Regulated Monopolies Seek to Tax American Investors After Backroom Deal




WASHINGTON – The American Securities Association (ASA) today sent a letter to the Securities and Exchange Commission (SEC) requesting a stay of self-regulatory organizations (SROs) new Rule 19b-4 filings related to the imposition of fees related to the Consolidated Audit Trail (CAT). The filings would require broker-dealers and their customers to pay for historical costs SROs incurred to develop the CAT and impose new taxes on market participants for what they alone have collectively agreed are the prospective costs of operating the CAT for the year 2024.

“After meeting in secret, regulated monopolies decided to use the CAT to push a massive tax increase on the American investing public in the most undemocratic way possible,” said ASA President and CEO Chris Iacovella. “ASA urges the SEC to immediately suspend this tax before American retail investors and retirement savers are forced to unfairly foot the bill.”   

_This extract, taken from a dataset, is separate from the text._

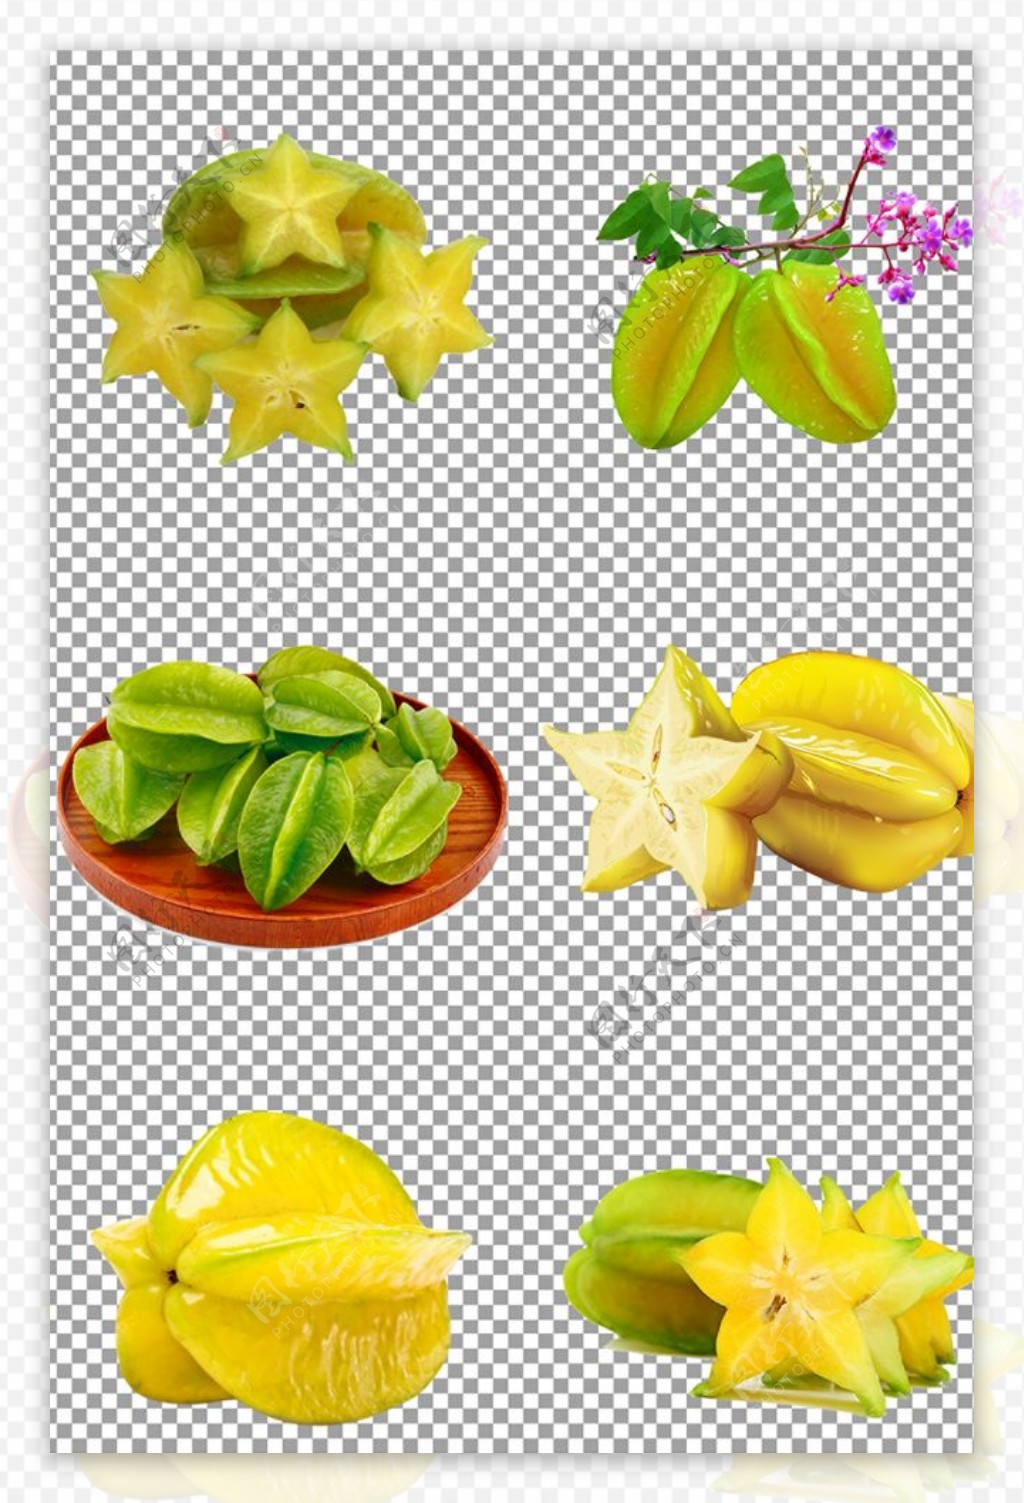 杨桃-名特食品图谱-图片

“The SROs specifically chose this process because they want to circumvent the basic due process and transparency requirements that exist when the SEC conducts a formal review of their filings,” Iacovella wrote in the letter. “This is an unlawful attempt to extract hundreds of millions of dollars in taxes from broker-dealers, such as ASA members, and their customers simply for participating in our public markets. Even more egregious, this is being done while a fully briefed challenge to the funding and legality of the CAT is pending before the U.S. Court of Appeals of the Eleventh Circuit.”

 

To read ASA’s full letter to the SEC, click here.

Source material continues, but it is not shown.